Ms Huws said the language board had received a number of complaints in November and December last year that "raised doubts" about the council's implementation of its Welsh-language policies.
In a letter to a local member of Welsh Language Society (Cymdeithas yr Iaith Gymraeg) she said the board has been in formal correspondence with the local authority "following its decision to launch a new website in English only in October".
She added: "The case of the website and the allegations and complaints which have been received by the board in recent weeks raise serious doubts about the council's fulfilment of its language scheme."
Ms Huws said the inquiry would look at the council's use of Welsh in printed material, meetings and communications.
Bethan Williams, the chair of the Welsh Language Society, has accused Merthyr Tydfil council of "undermining the language at a community level".
She said: "With so many children going through Welsh medium education, the council is not only letting the public down, but also missing the opportunity to use the skills of the next generation.

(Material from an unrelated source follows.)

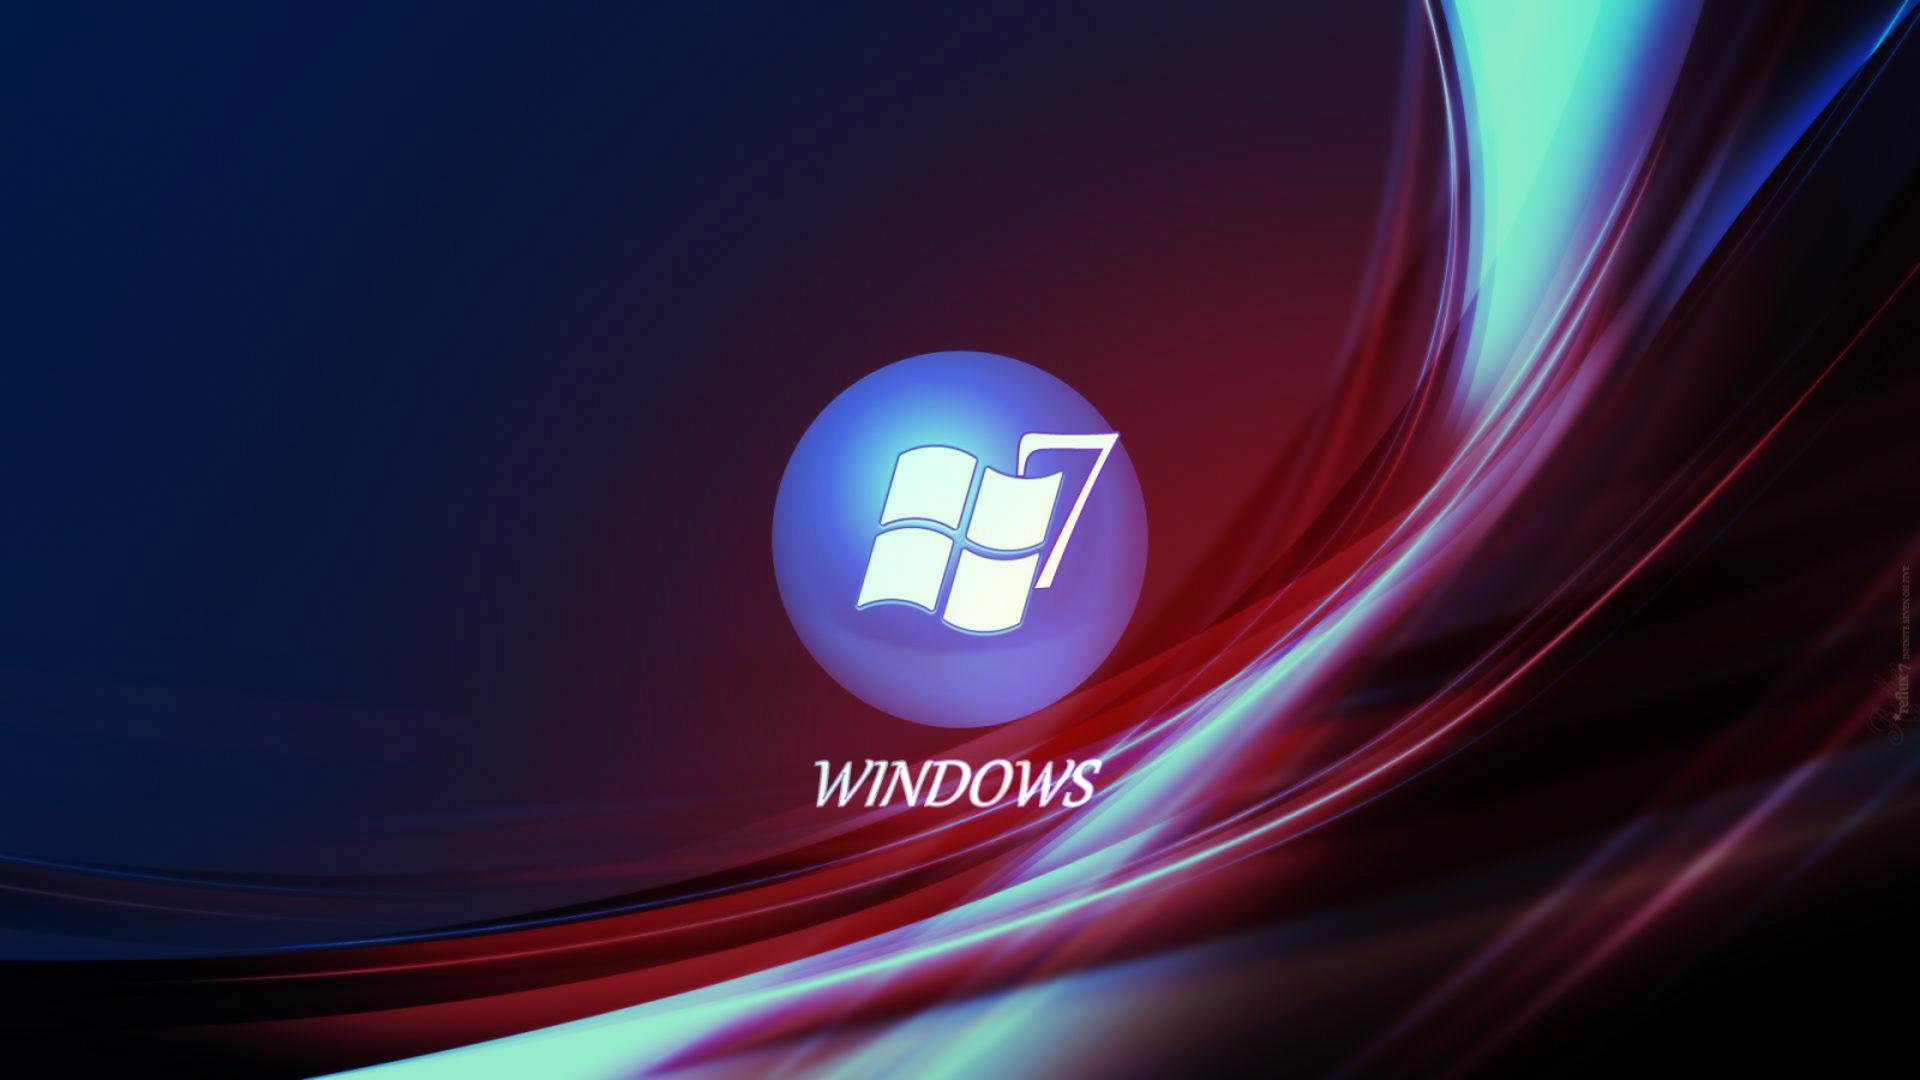 Windows 7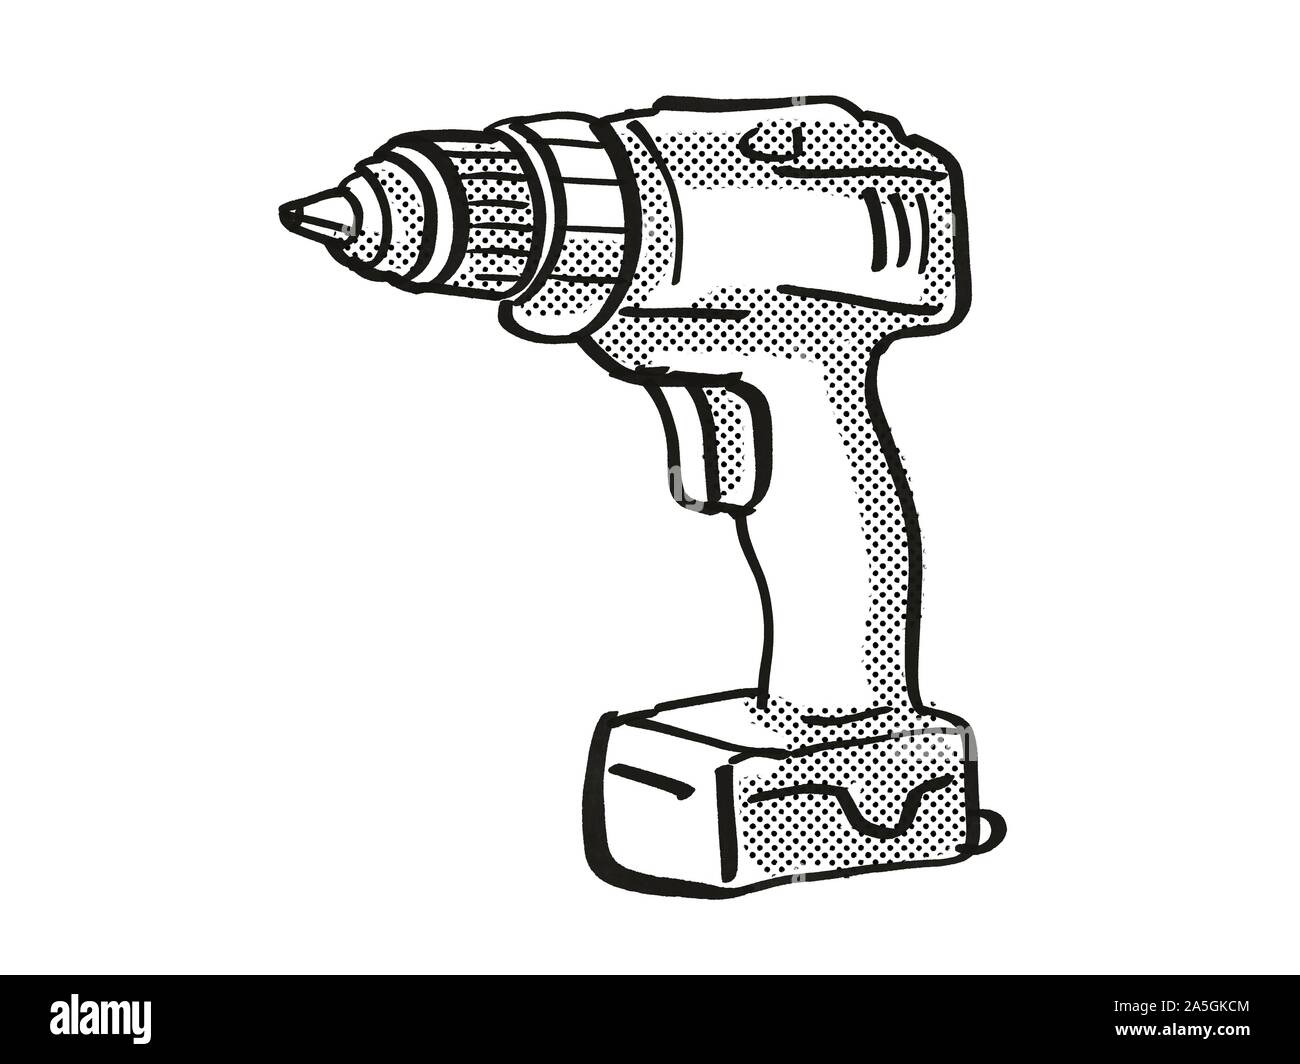 Estilo retro caricatura dibujo de un taladro de mano portátil, una  herramienta eléctrica o equipos aislados sobre fondo blanco hecho en blanco  y negro Fotografía de stock - Alamy

"A generation, many of whom will come out of the education system fluent in Welsh.
"The council has a chance to provide work and keep local young people in the area by using their unique skills. It doesn't make economic or linguistic sense for them not to change their behaviour."
Ms Williams said the society was conducting its own survey in the area as it believed "there are similar problems in many local authorities in the south".
A Merthyr Tydfil council spokesperson said: "The Welsh Language Board is looking at issues with the local authority in respect of the council's Welsh-language scheme, and we will be working with them in respect of these issues."